Hjálmar Stefánsson (born 5 January 1996) is an Icelandic basketball player for Valur of the Úrvalsdeild karla and a member of the Icelandic national basketball team. In 2022, he won his first Icelandic championship. In 2023, he was named the Úrvalsdeild Defensive Player of the Year.

==Career==
Hjálmar came up through the junior ranks of Haukar and started his senior team career during the 2013–14 season. In 2018–19, he averaged a career highs of 13.5 points and 7.5 rebounds. In August 2020, Hjálmar signed with Liga EBA club Aquimisa Carbajosa where he met fellow Icelander Tómas Þórður Hilmarsson. In February 2021, it was reported that Hjálmar would leave Carbajosa and return to Iceland to join Valur, much to the displeasure of Haukar who threatened legal action as they believed that he was still under contract obligations not to play for any other team in Iceland except them until after the season. On 27 February, the Icelandic Basketball Association confirmed his transfer from Carbajosa to Valur. On 5 March it was reported that Haukar would not pursue a legal case in the matter.
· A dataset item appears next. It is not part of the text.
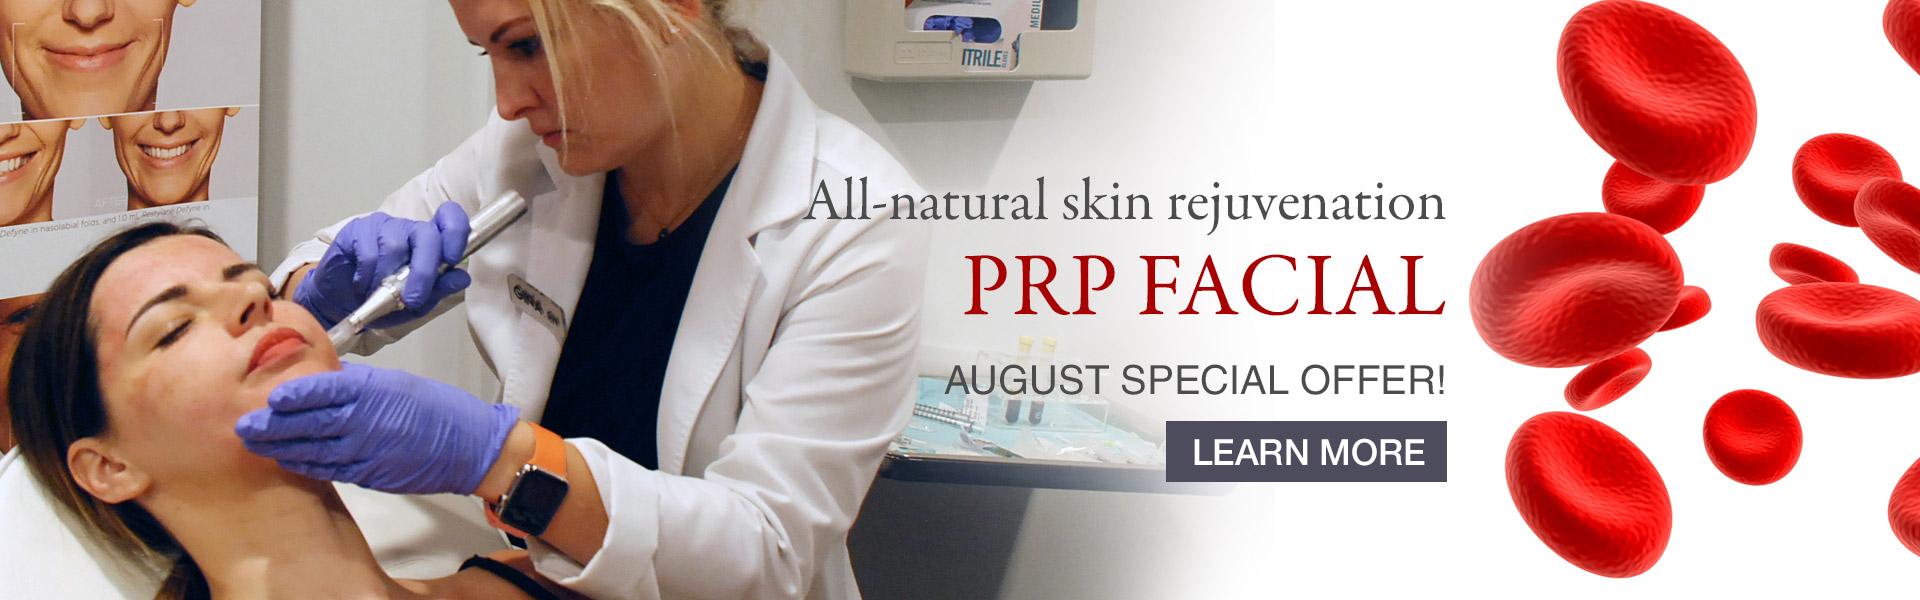 mspa_prp-facial-slider_07-24-2018-1

In 2022, he won the Icelandic championship with Valur.

On 2 October 2022, he won the Icelandic Super Cup with Valur. On 14 January 2023, he won the Icelandic Cup after Valur defeated Stjarnan in the Cup final.

In 2023, he was named the Úrvalsdeild Defensive Player of the Year.

On 24 September 2023, he won his second straight Icelandic Super Cup after Valur defeated Tindastóll 80–72.

On 22 March 2025, he won the Icelandic Cup for the second time, after Valur defeated KR in the Cup finals, 96–78.

==National team career==
Hjálmar debuted for the Icelandic national team in June 2018. He was a member of the team that won silver at the 2019 Games of the Small States of Europe.